In this Learning Path, you’ll run quantized Phi models with ONNX Runtime on Microsoft Azure Cobalt 100 servers.
Specifically, you’ll deploy the Phi-4-mini model on Arm-based servers running Ubuntu 24.04 LTS.
These instructions have been tested on a 32-core Azure Dpls_v6
instance with 32 cores, 64GB of RAM, and 32GB of disk space.
You will learn how to build and configure ONNX Runtime to enable efficient LLM inference on Arm CPUs.

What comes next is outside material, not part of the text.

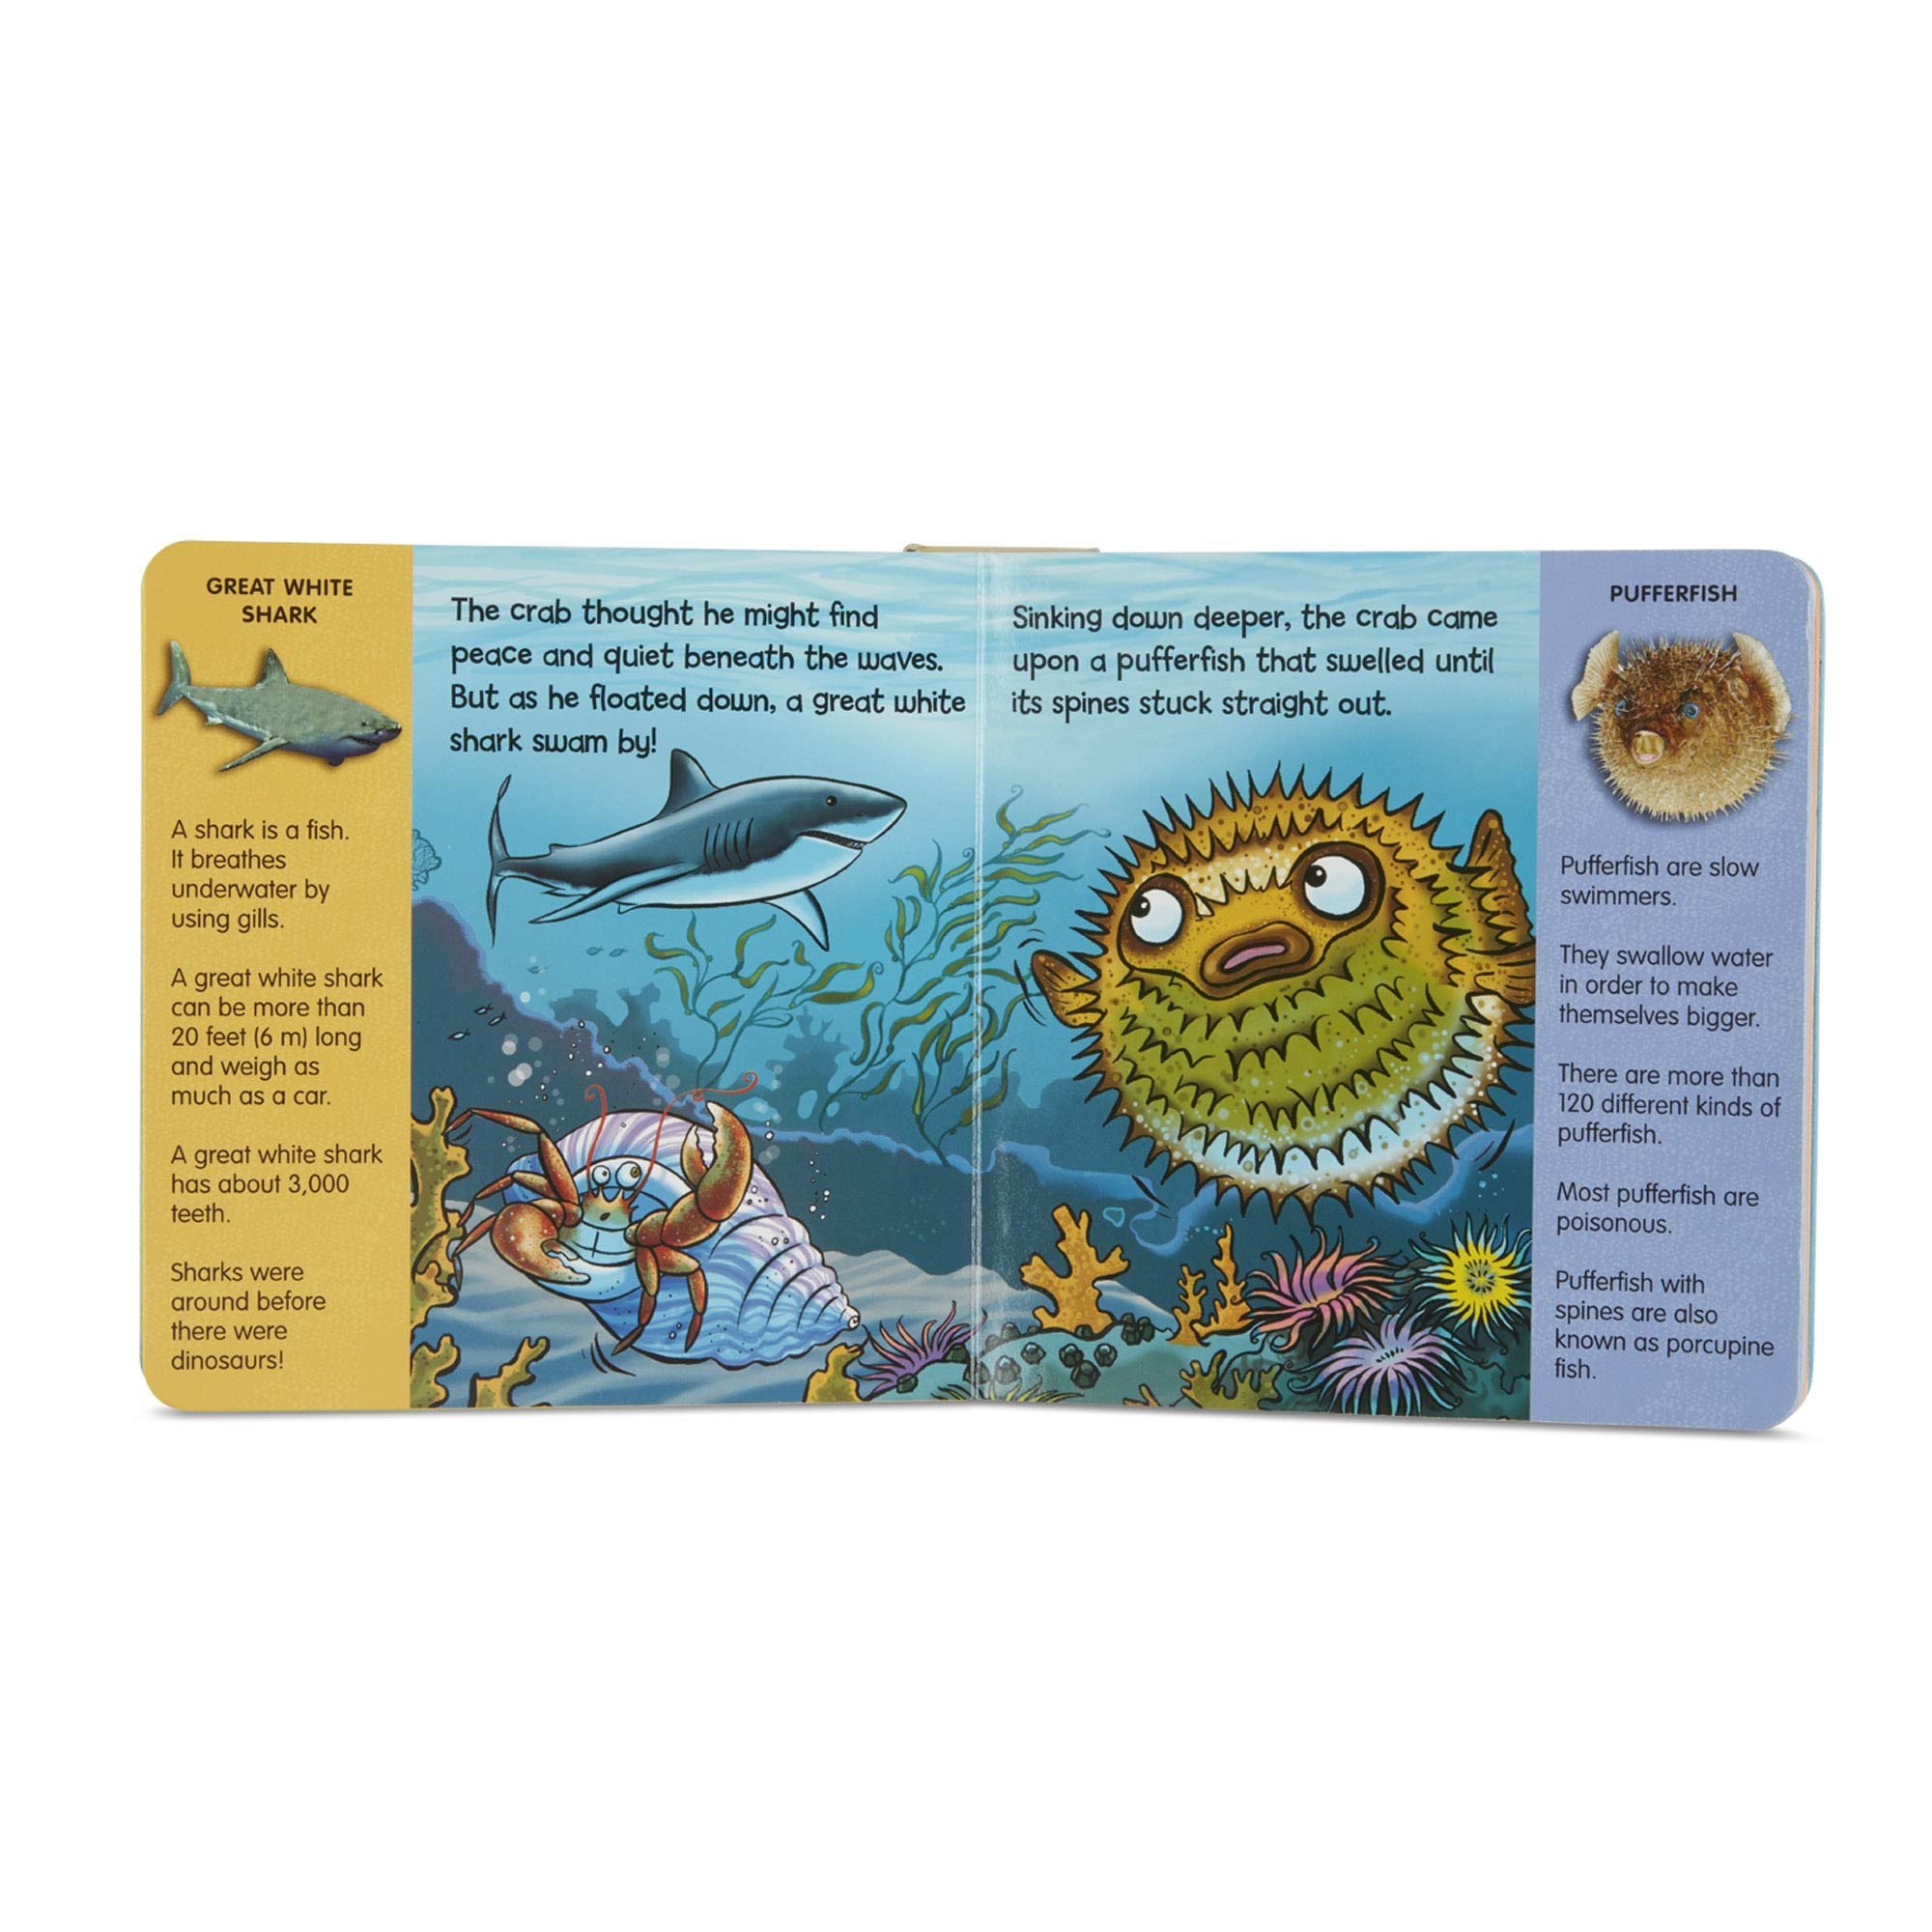 Melissa & Doug Children’s Book - Play-Alongs: At the Seashore (10 Pages, 10 Sea Creature Toys)

This Learning Path walks you through the following tasks:
On your Arm-based server, install the following packages:
sudo apt update
sudo apt install python3-pip python3-venv cmake -y
Use a file editor of your choice and create a requirements.txt
file with the Python packages shown below:
requests
torch
transformers
accelerate
huggingface-hub
pandas
numpy
psutil
packaging
setuptools
requests
Create a virtual environment:
python3 -m venv onnx-env
Activate the virtual environment:
source onnx-env/bin/activate
Install the required libraries using pip:
pip install -r requirements.txt
Clone, build, and install the onnxruntime
repository using the following commands:
git clone --recursive https://github.com/microsoft/onnxruntime.git
cd onnxruntime
./build.sh --config Release --build_shared_lib --parallel --build_wheel --skip_tests --update --build
cd build/Linux/Release
cmake --install . --prefix install
cd dist
pip install onnxruntime-*.whl
This process builds and installs ONNX Runtime with optimizations for efficient inference on Arm CPUs.
Clone and build the onnxruntime-genai
repository:
cd ~
cp ./onnxruntime/build/Linux/Release/install/include/onnxruntime/onnxruntime_float16.h ./onnxruntime/build/Linux/Release/install/include/onnxruntime_float16.h
cp ./onnxruntime/build/Linux/Release/install/include/onnxruntime/onnxruntime_c_api.h ./onnxruntime/build/Linux/Release/install/include/onnxruntime_c_api.h
git clone https://github.com/microsoft/onnxruntime-genai.git
cd onnxruntime-genai
python3 build.py --config Release --update --ort_home ../onnxruntime/build/Linux/Release/install
python3 build.py --config Release --build --skip_tests --ort_home ../onnxruntime/build/Linux/Release/install
cd build/Linux/Release/wheel
pip install onnxruntime_genai-*.whl
Ensure you’re using Python 3.12 to match the cp312 wheel format.
This build includes optimizations from KleidiAI for efficient inference on Arm CPUs.
Navigate to your home directory. Now download the quantized model using huggingface-cli
:
cd ~
huggingface-cli download microsoft/Phi-4-mini-instruct-onnx --include cpu_and_mobile/cpu-int4-rtn-block-32-acc-level-4/* --local-dir .
The Phi-4-mini model is now downloaded in ONNX format with INT4 quantization and is ready to run with ONNX Runtime.